== PROVIDED DATA ==
☆ ☆ ☆ ☆
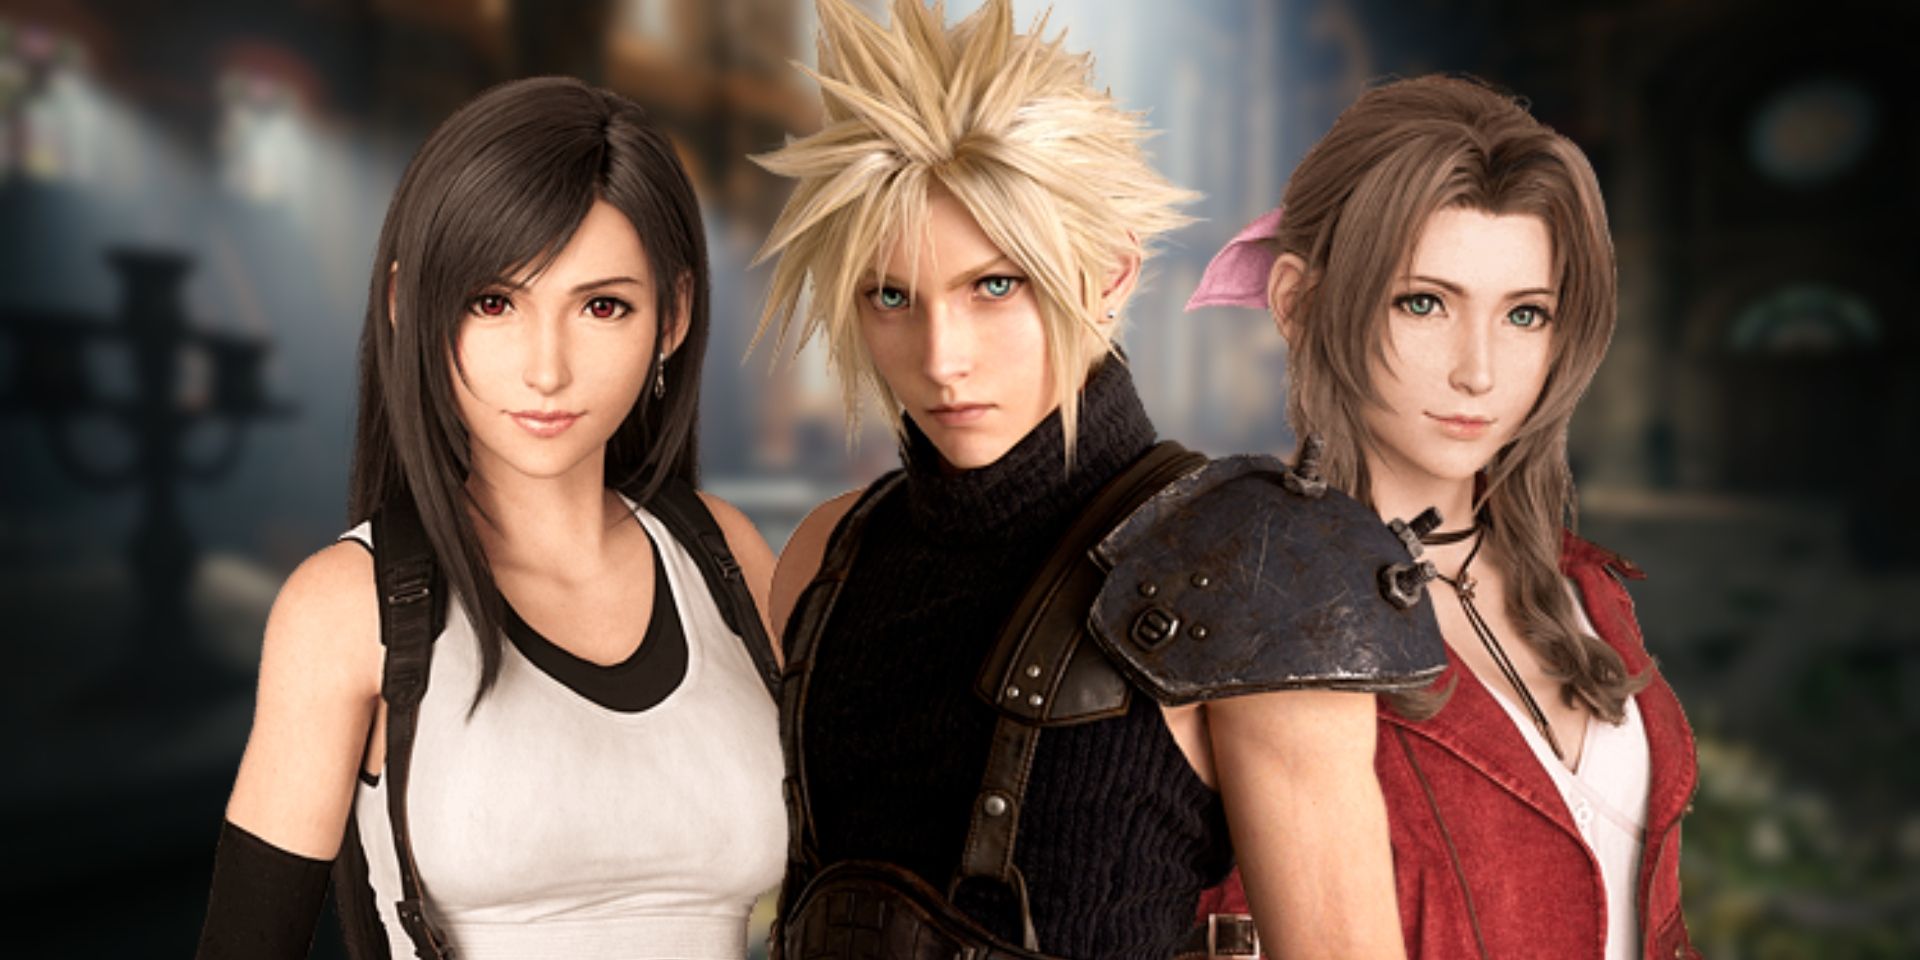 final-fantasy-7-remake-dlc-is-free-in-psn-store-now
☆ ☆ ☆ ☆
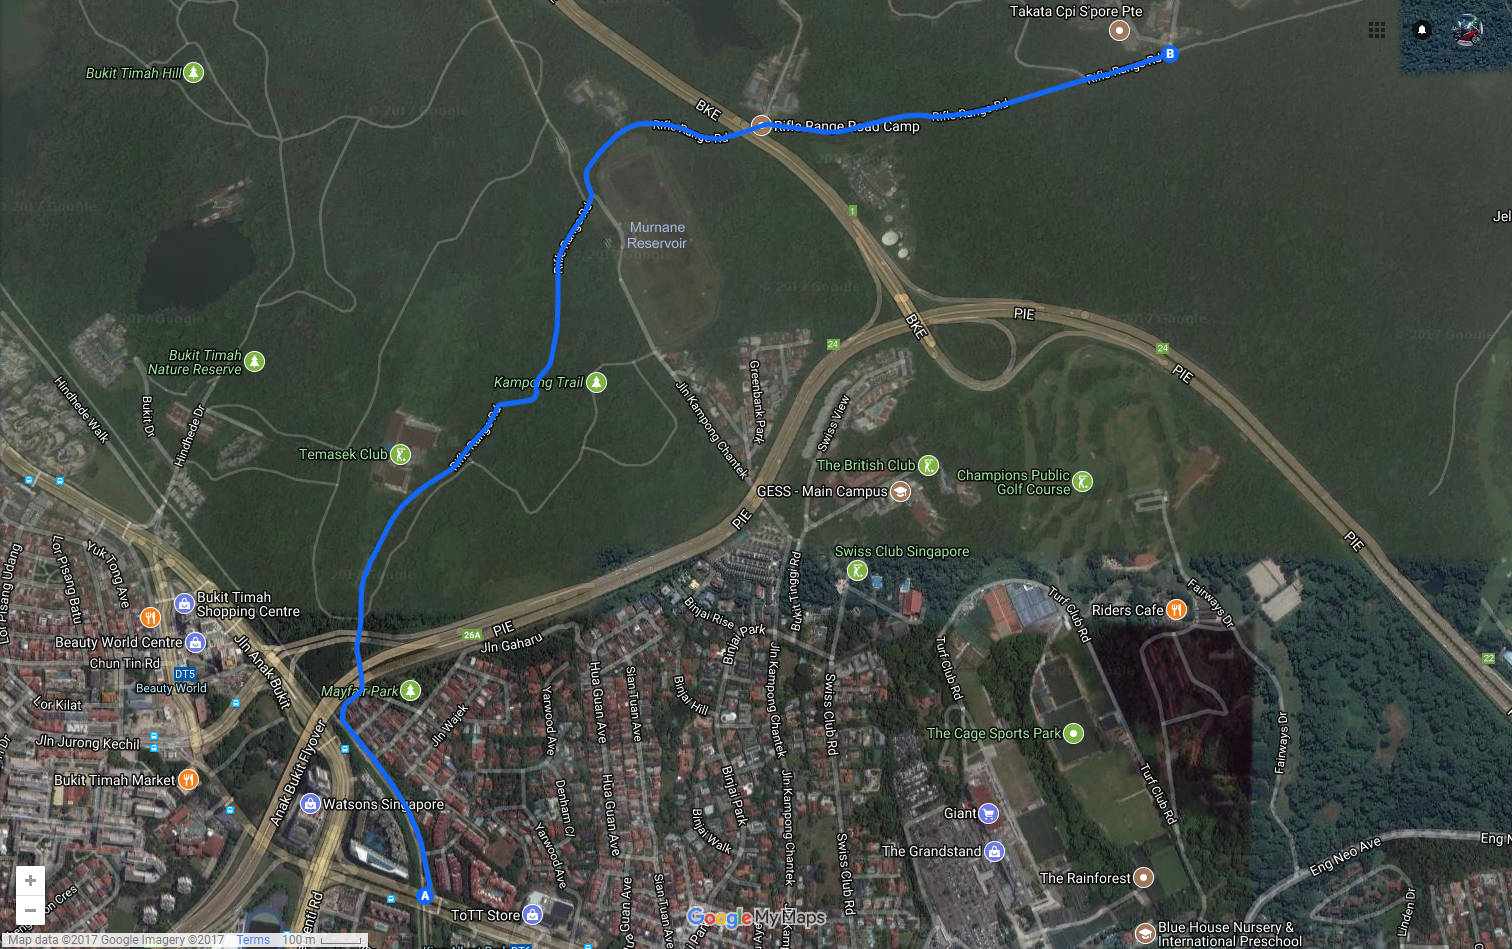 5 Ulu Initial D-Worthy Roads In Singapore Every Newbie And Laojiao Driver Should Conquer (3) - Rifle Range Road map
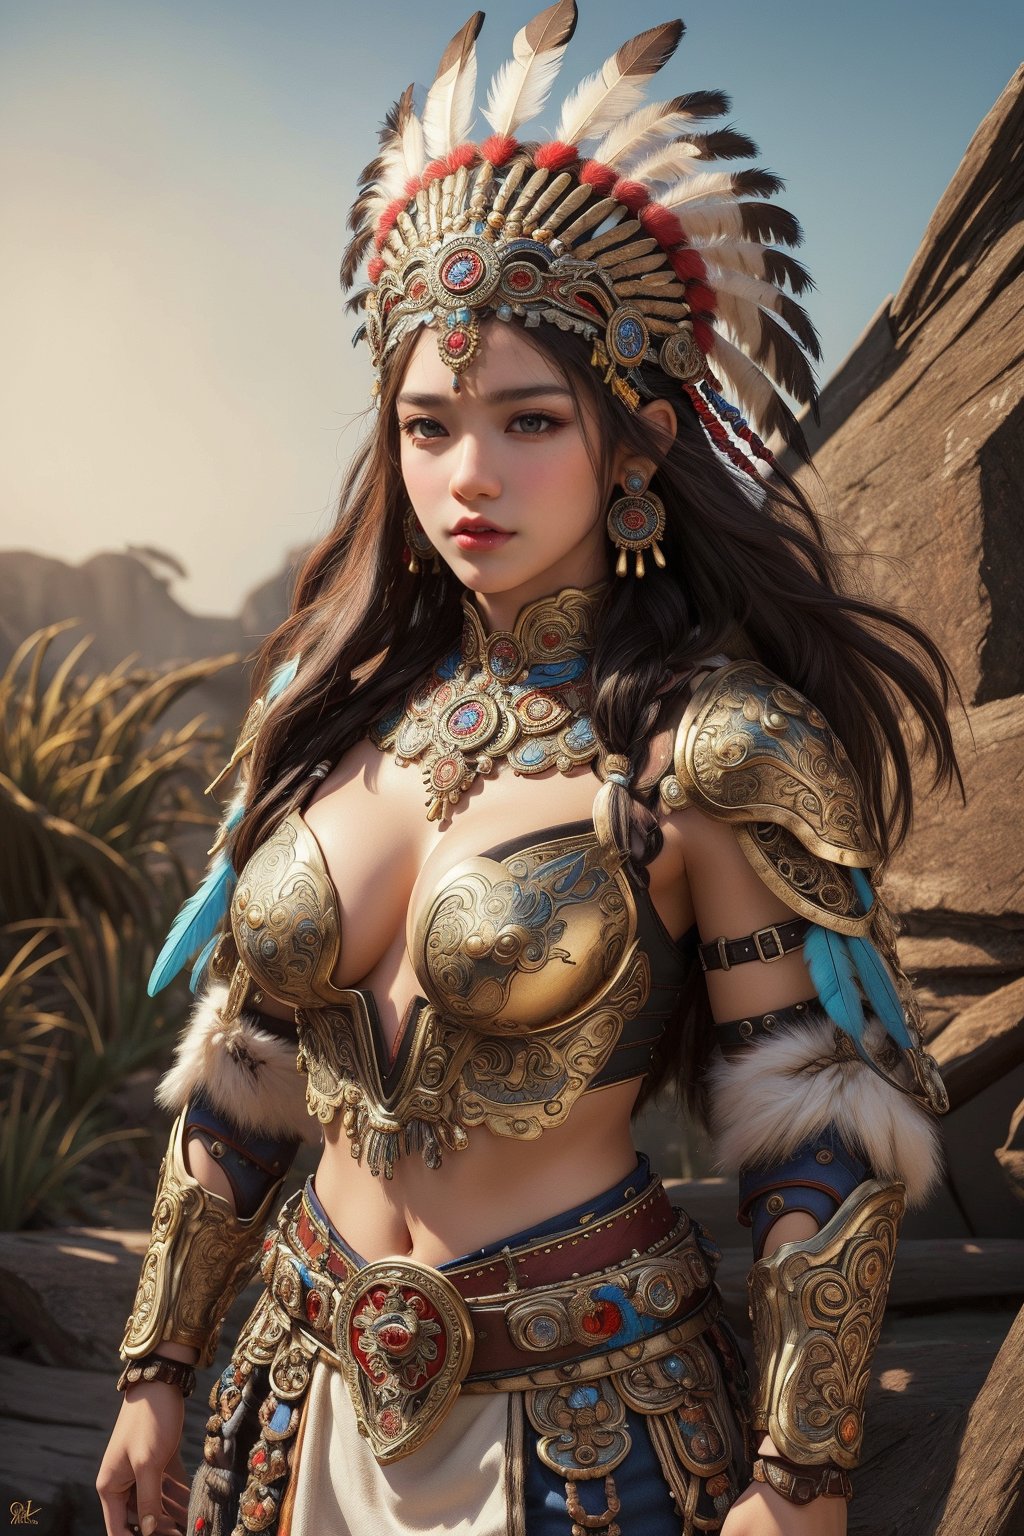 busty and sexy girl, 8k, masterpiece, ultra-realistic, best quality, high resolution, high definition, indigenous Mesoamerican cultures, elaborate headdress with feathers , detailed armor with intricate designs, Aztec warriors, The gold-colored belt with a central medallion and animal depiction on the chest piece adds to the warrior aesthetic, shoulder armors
☆ ☆ ☆ ☆
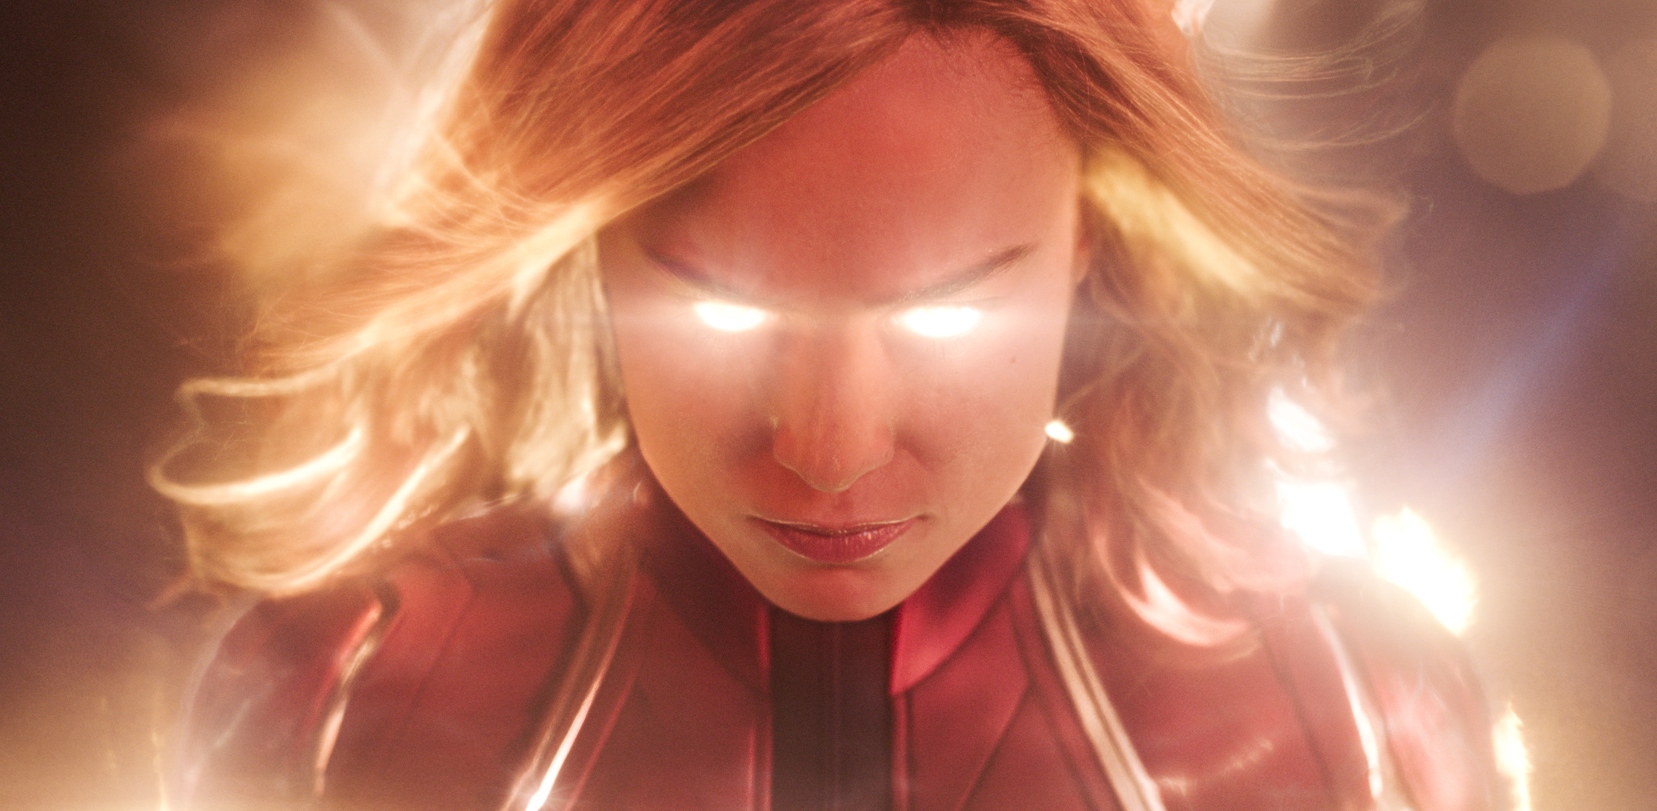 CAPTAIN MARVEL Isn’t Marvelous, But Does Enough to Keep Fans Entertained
☆ ☆ ☆ ☆
== TASK TO COMPLETE ==
Leave out every picture, and copy exactly the lines above starting at the one holding "5 Ulu Initial" and ending at the one holding "busty and sexy", no more and no less.

== YOUR SOLUTION ==
 5 Ulu Initial D-Worthy Roads In Singapore Every Newbie And Laojiao Driver Should Conquer (3) - Rifle Range Road map
 busty and sexy girl, 8k, masterpiece, ultra-realistic, best quality, high resolution, high definition, indigenous Mesoamerican cultures, elaborate headdress with feathers , detailed armor with intricate designs, Aztec warriors, The gold-colored belt with a central medallion and animal depiction on the chest piece adds to the warrior aesthetic, shoulder armors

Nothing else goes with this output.